**** GIVEN MATERIAL ****

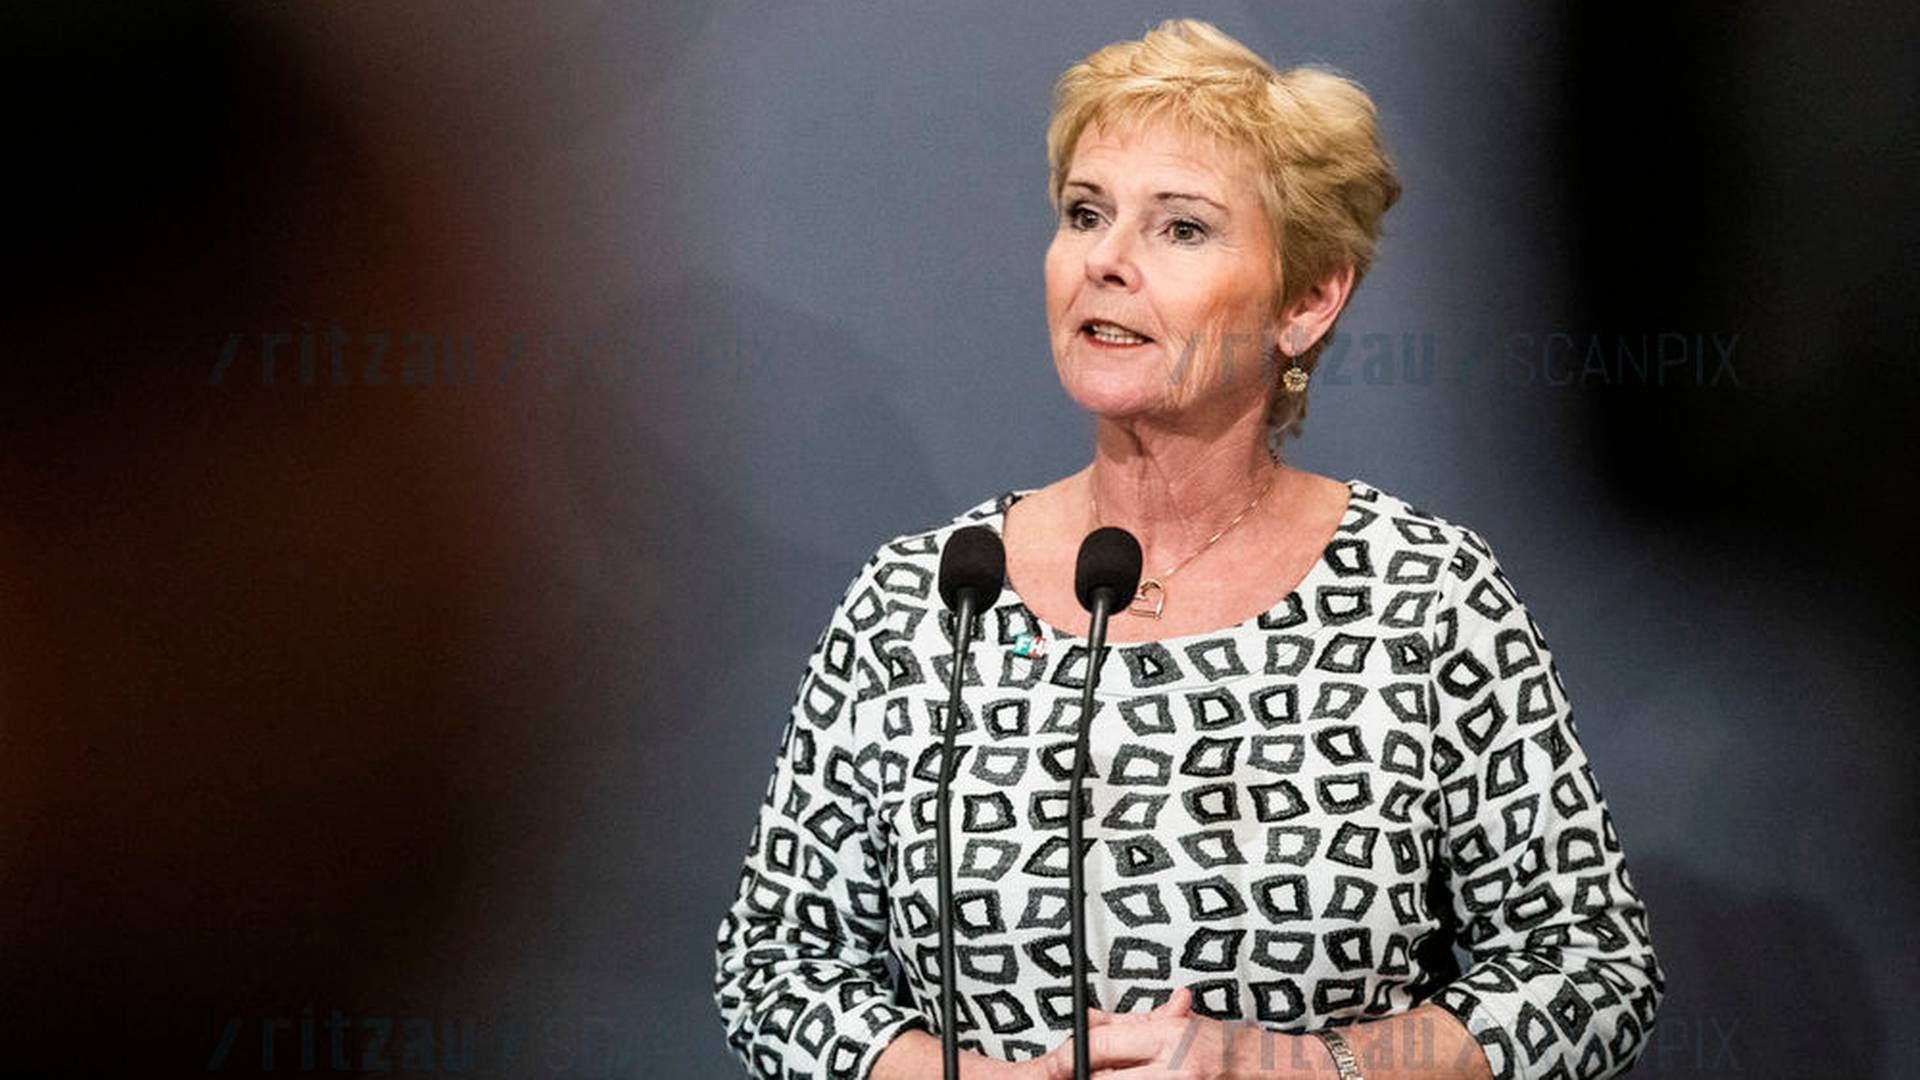 Lizette Risgaard, formand for FH, vil give virksomhederne skatterabat, så Danmark får gang i hjulene igen. | Foto: Olafur Steinar Gestsson/Ritzau Scanpix
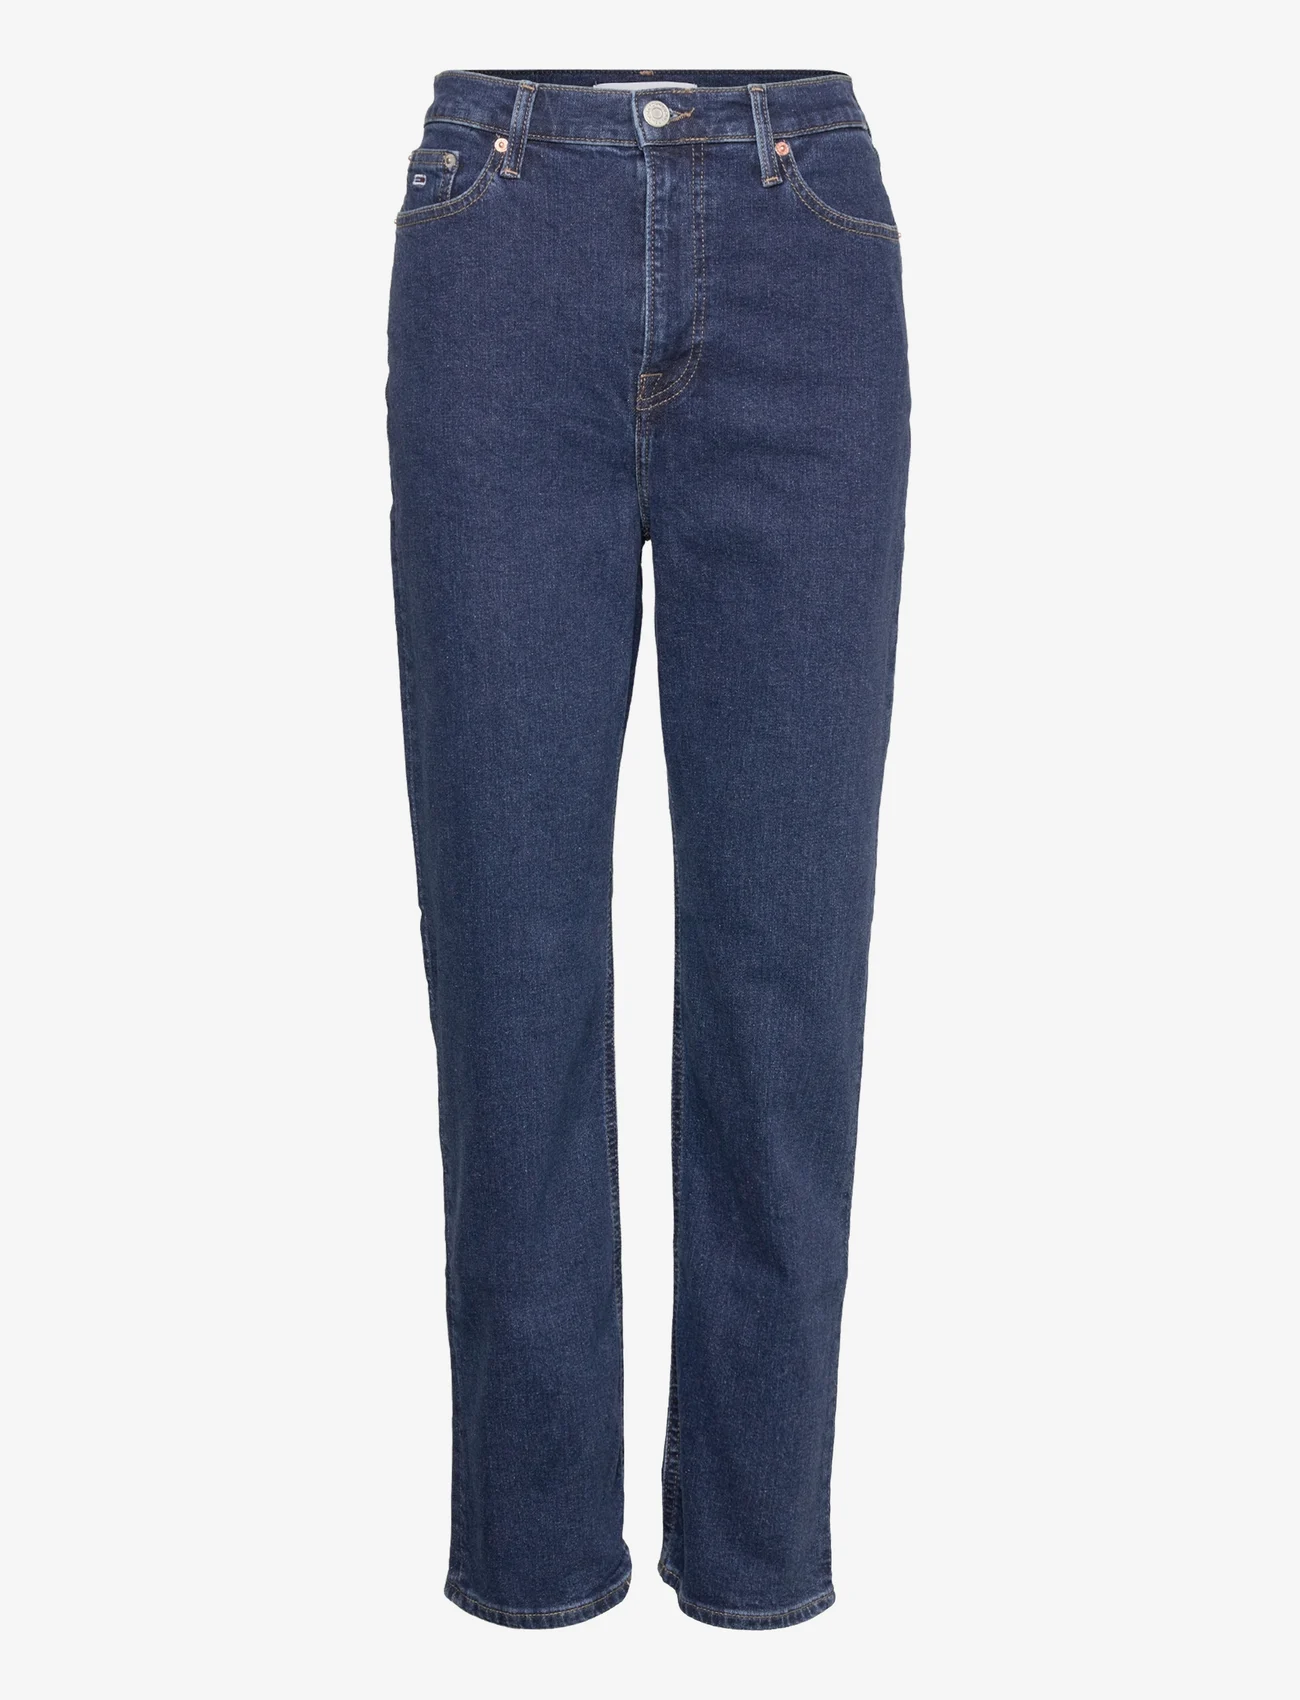 Tommy Jeans - JULIE UHR STRGT CF6151 - straight jeans - denim dark - 0
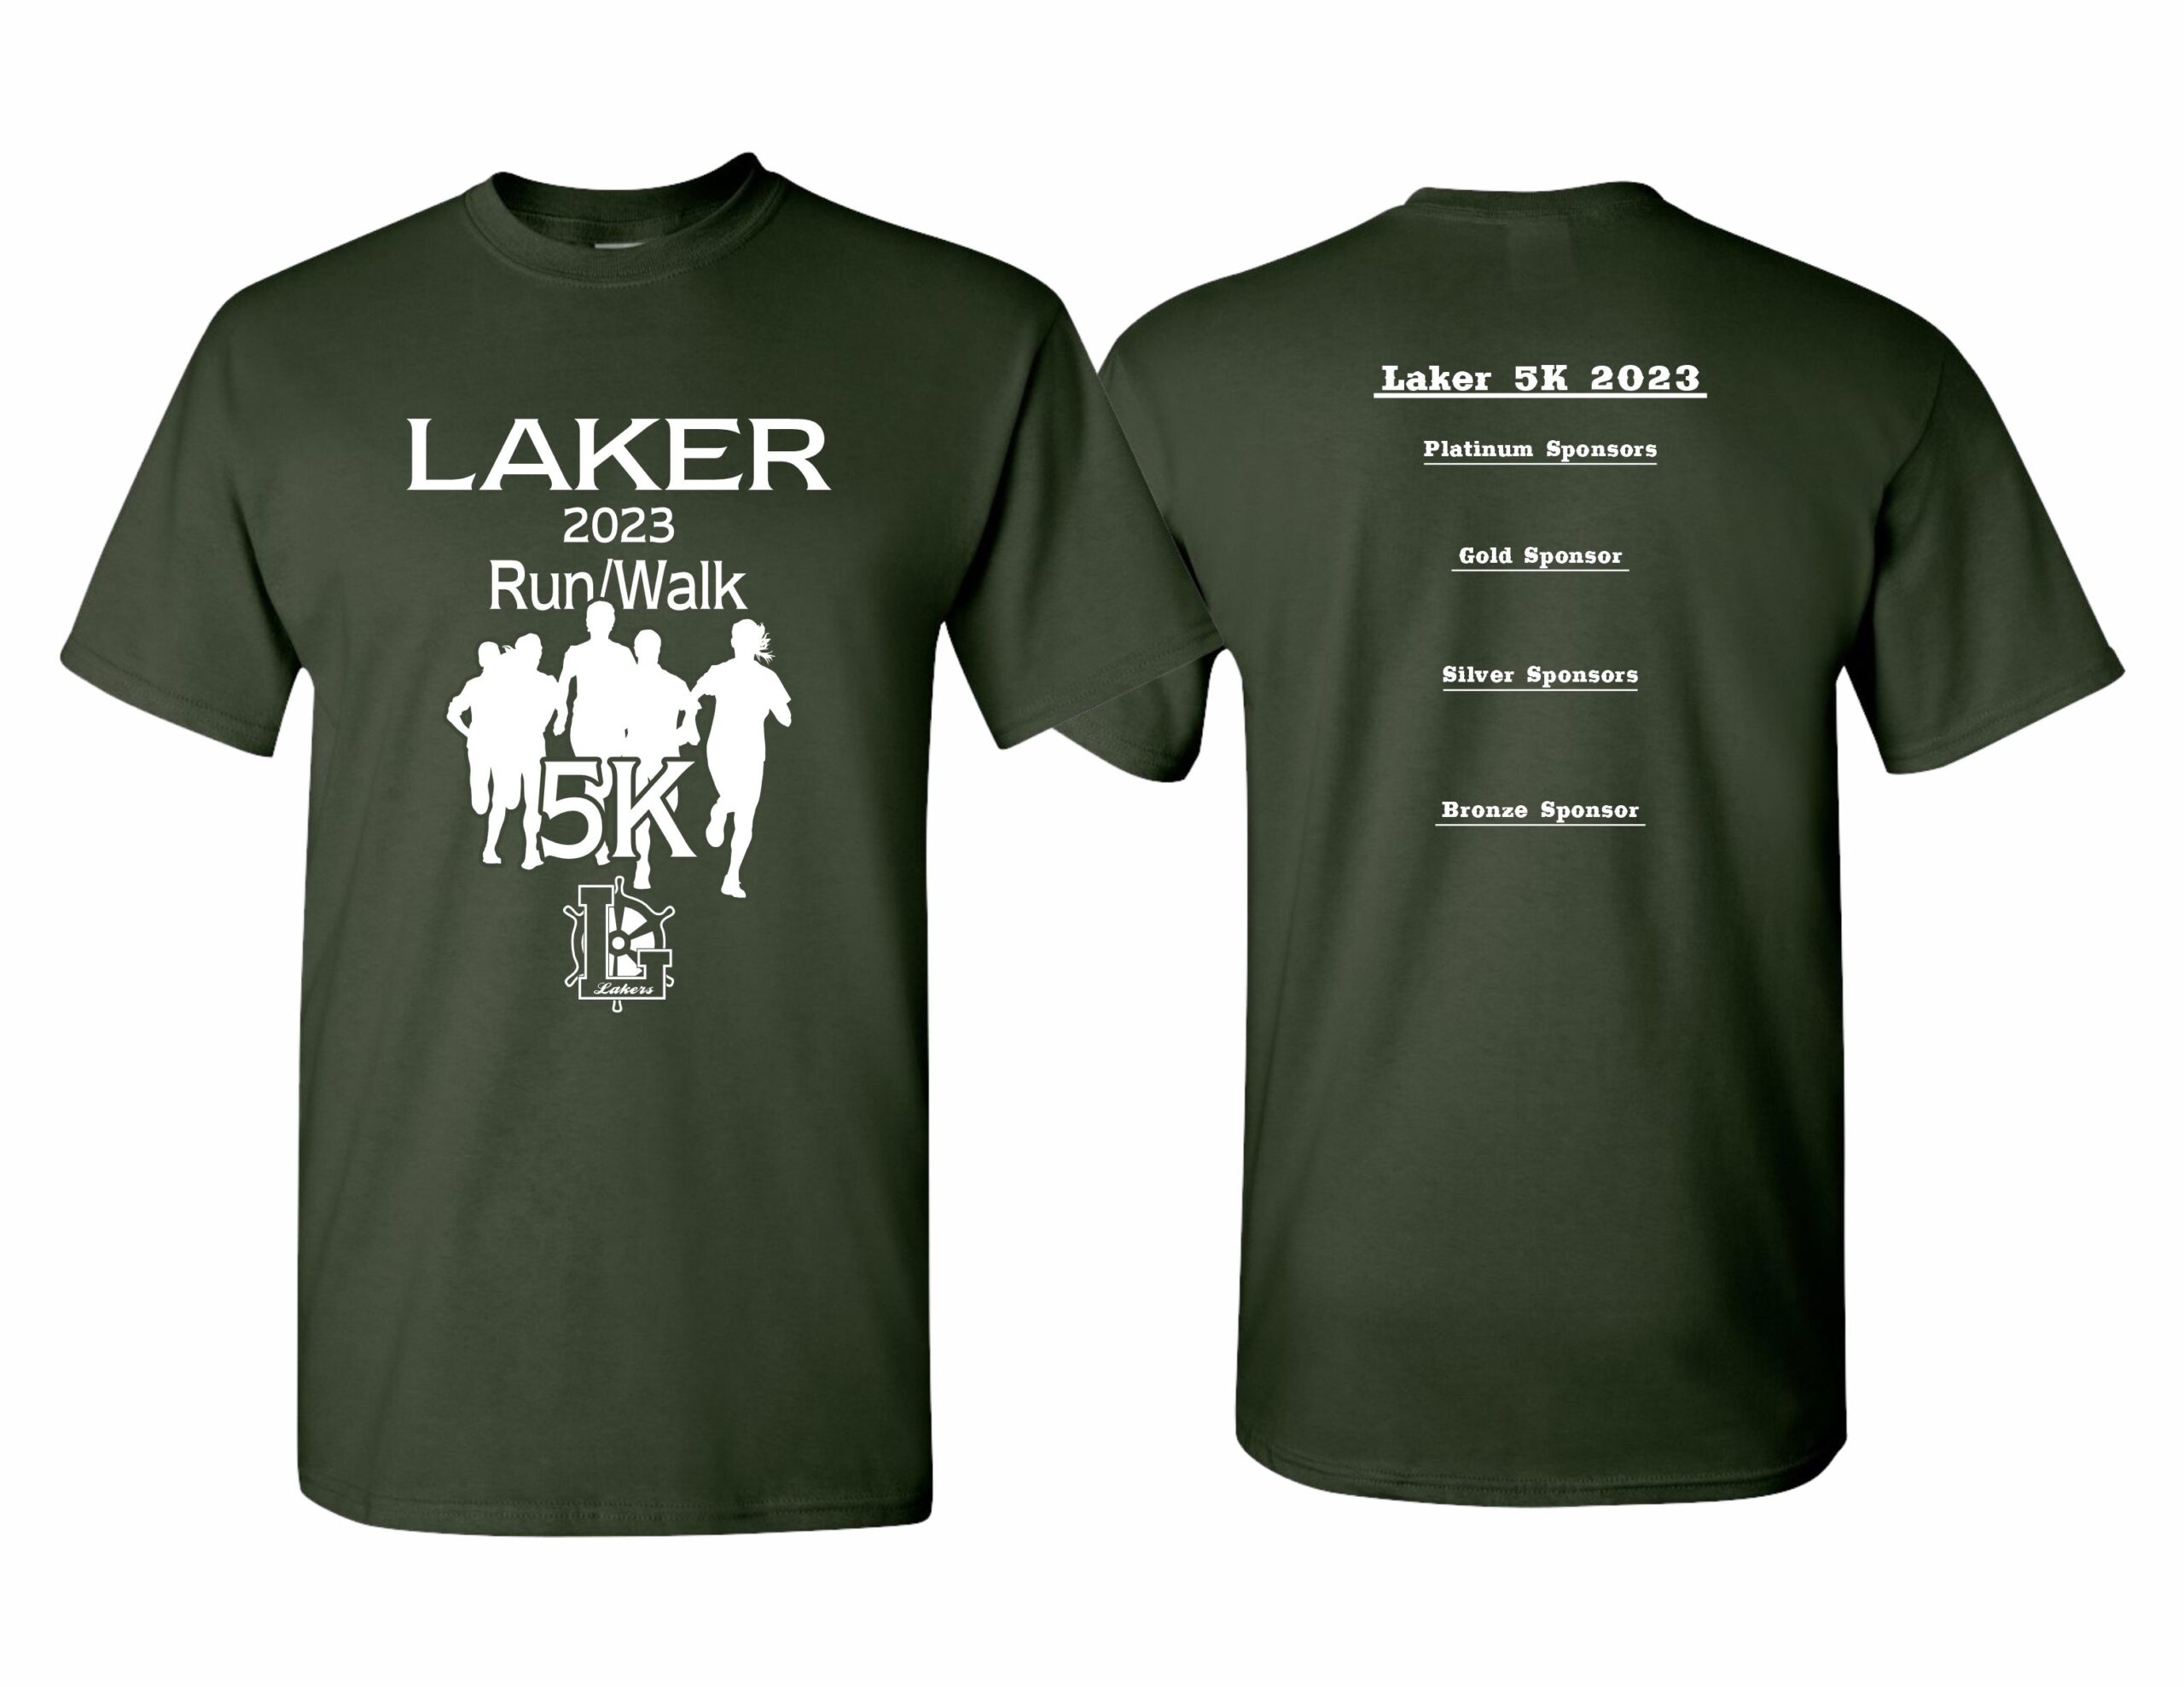 Laker 5K tshirts 2023

****

EXERCISE >> Word-for-word transcript, pictures excluded: copy all the material above.

SOLUTION >>
 Lizette Risgaard, formand for FH, vil give virksomhederne skatterabat, så Danmark får gang i hjulene igen. | Foto: Olafur Steinar Gestsson/Ritzau Scanpix
 Tommy Jeans - JULIE UHR STRGT CF6151 - straight jeans - denim dark - 0
 Laker 5K tshirts 2023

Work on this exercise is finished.